In terms of safety, no serious or symptomatic AEs were reported. The most common AE was a localized eczematous reaction at the application site. In total, 27 episodes were reported, with a mean duration of 64.4 days. Most of these reactions were grade 2, with 5 grade 1 events, and 1 grade 3 event. Four patients suspended treatment between 1 day to 2 weeks due to the reaction. Six episodes of pain at the site of drug application were reported. Four of these events were grade 1 and 2 ere grade 2. Two patients were required to temporarily suspend treatment. The rate of any-grade AEs was 90%. Of the 3 participants who did not experience any AEs, 1 had not been given treatment and 1 was less than 70% compliant.

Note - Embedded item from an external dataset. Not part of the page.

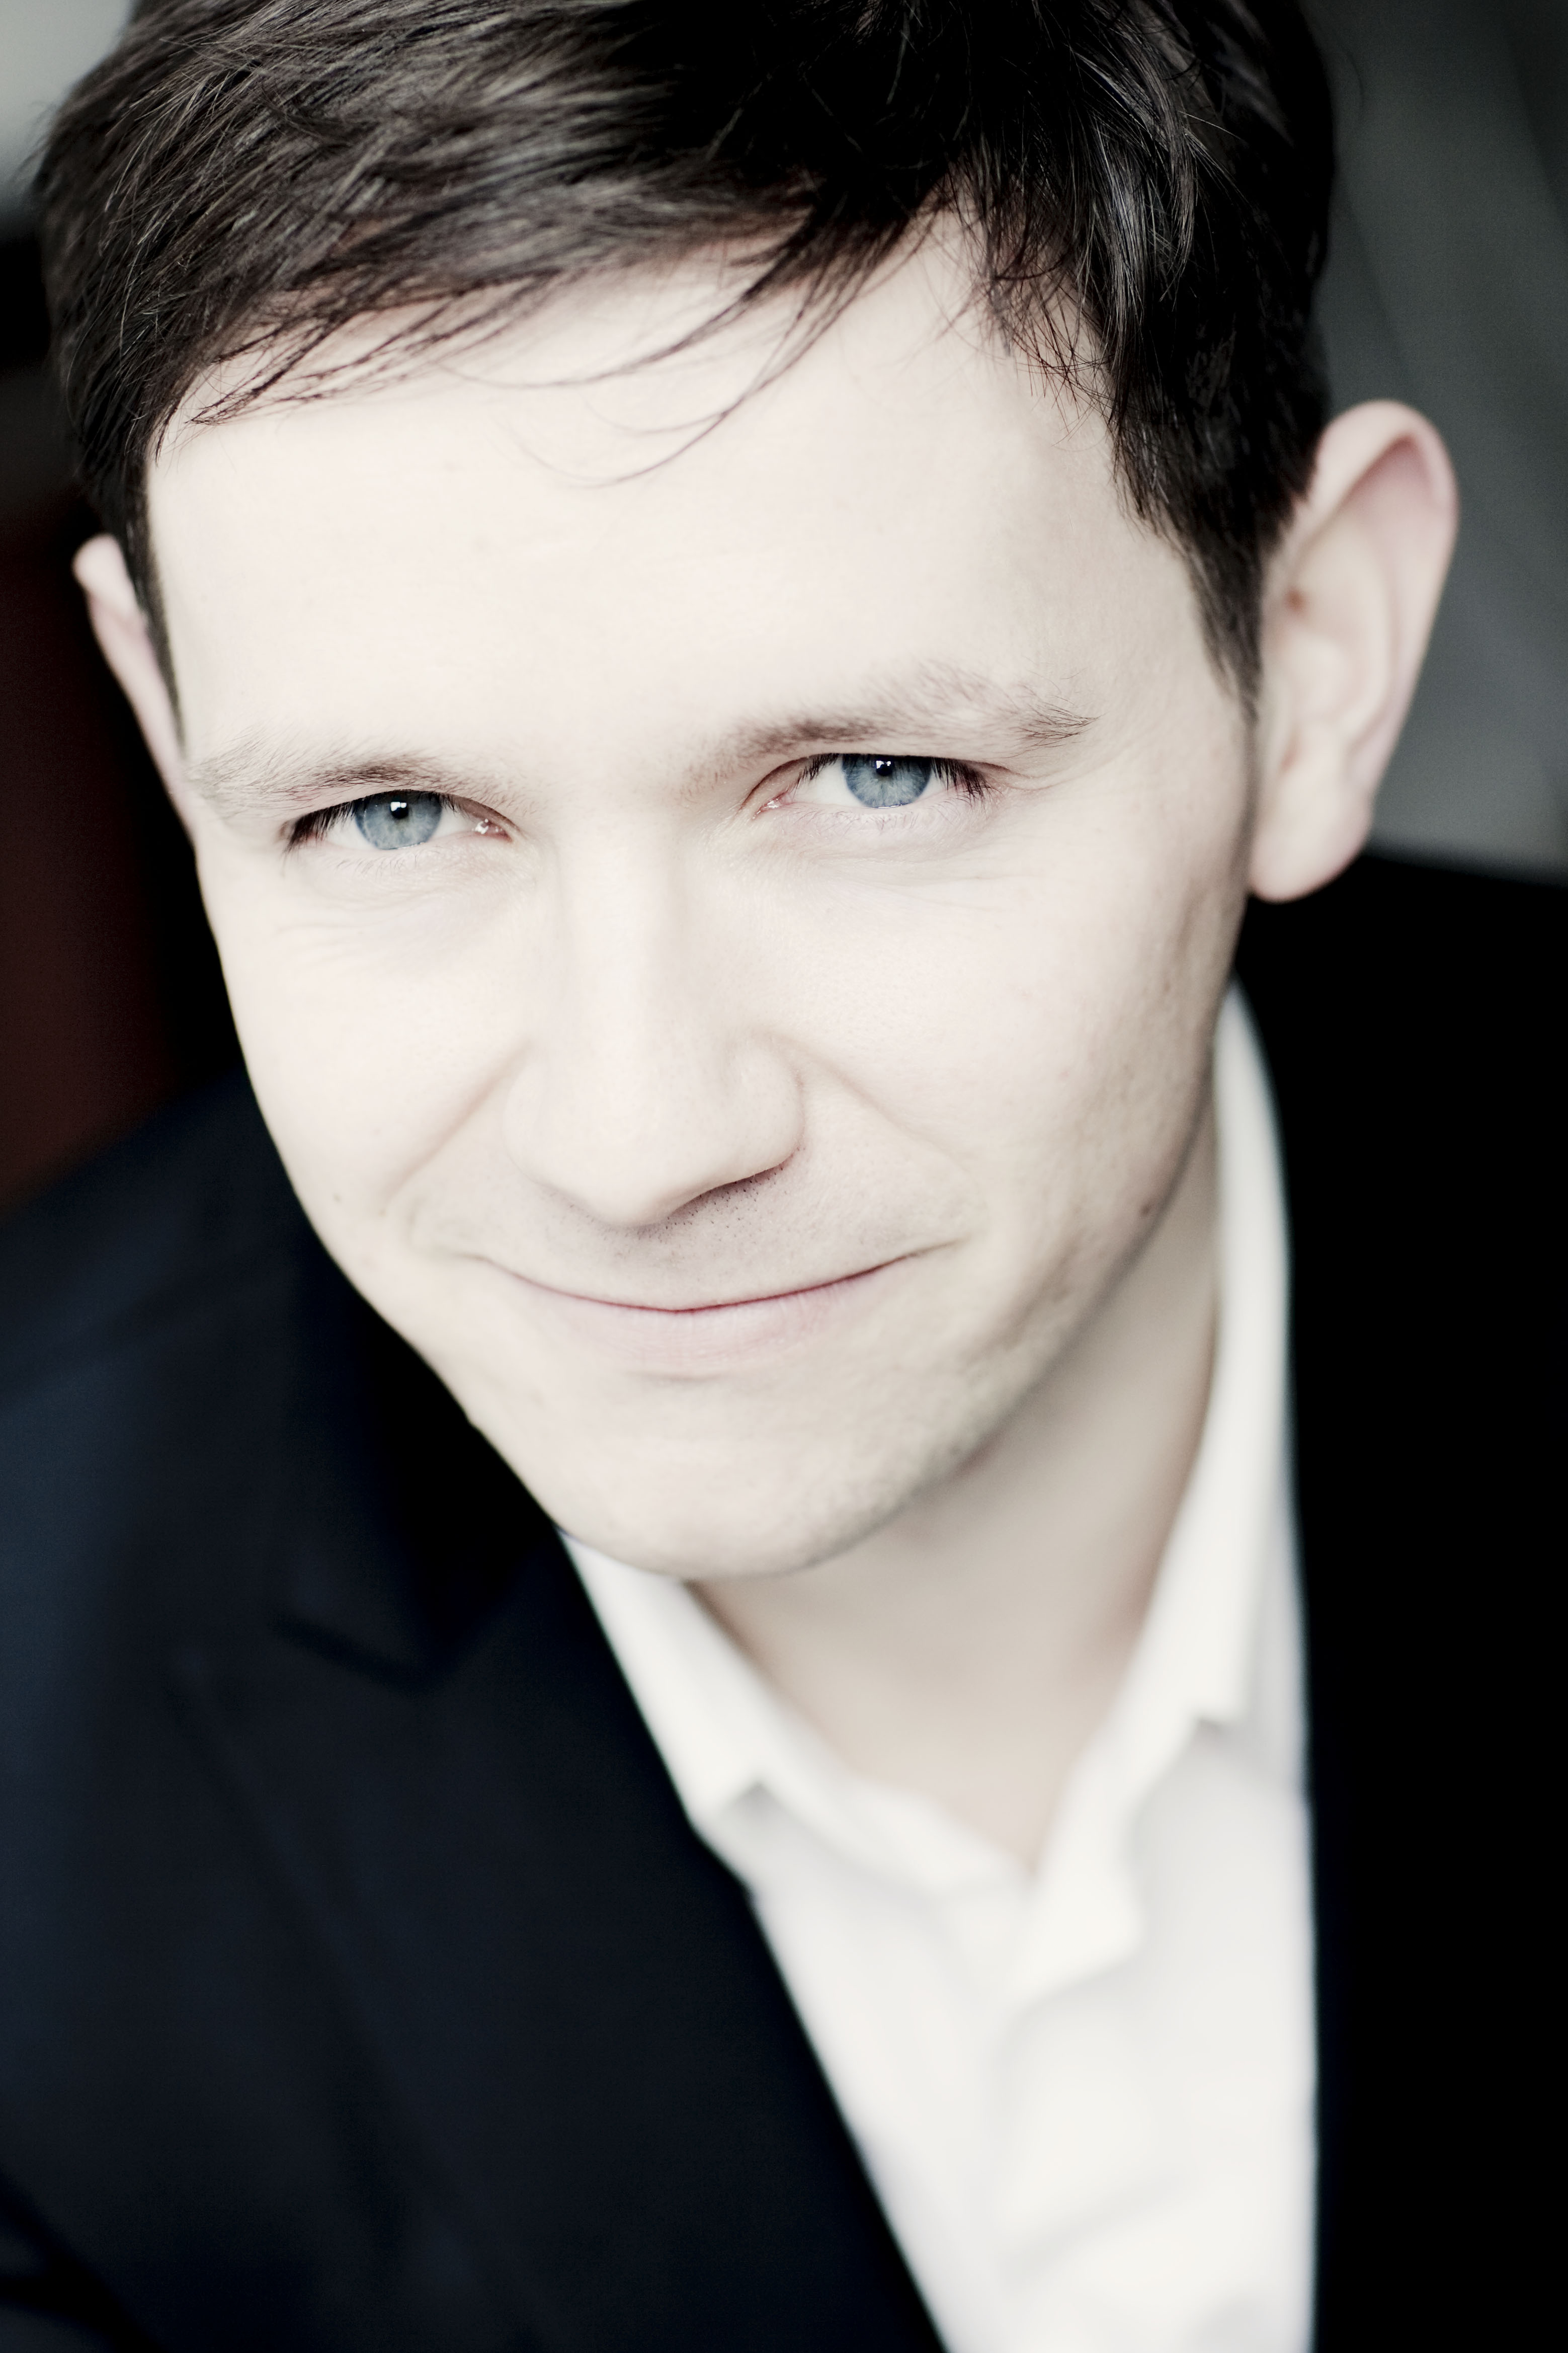 Iestyn Davies Photo: Marco Borggreve

“Our study also showed remetinostat’s clinical efficacy against nodular BCC, one of the more common BCC subtypes,” Sarin added. “An ideal therapeutic for BCC should treat both nodular and superficial BCCs, and ideally the other subtypes as well.”

REFERENCES:

1. Kilgour J, Shah A, Urman N, et al. Phase II open-label, single-arm trial to investigate the efficacy and safety of topical remetinostat gel in patients with basal cell carcinoma. Clin Cancer Res. 2021; 27(17):4717-4725. DOI: 10.1158/1078-0432.CCR-21-0560.

2. Topical remetinostat in treating patient with cutaneous basal cell cancer. ClincalTrials.gov. Accessed September 13, 2021. https://bit.ly/3C7duQT.

3. Remetinostat, a topical therapy that works by inhibiting the expression of cancer-promoting genes, could reduce the need for surgical removal of many subtypes of basal cell carcinoma lesions. News release. American Association for Cancer Research. Accessed September 13, 2021.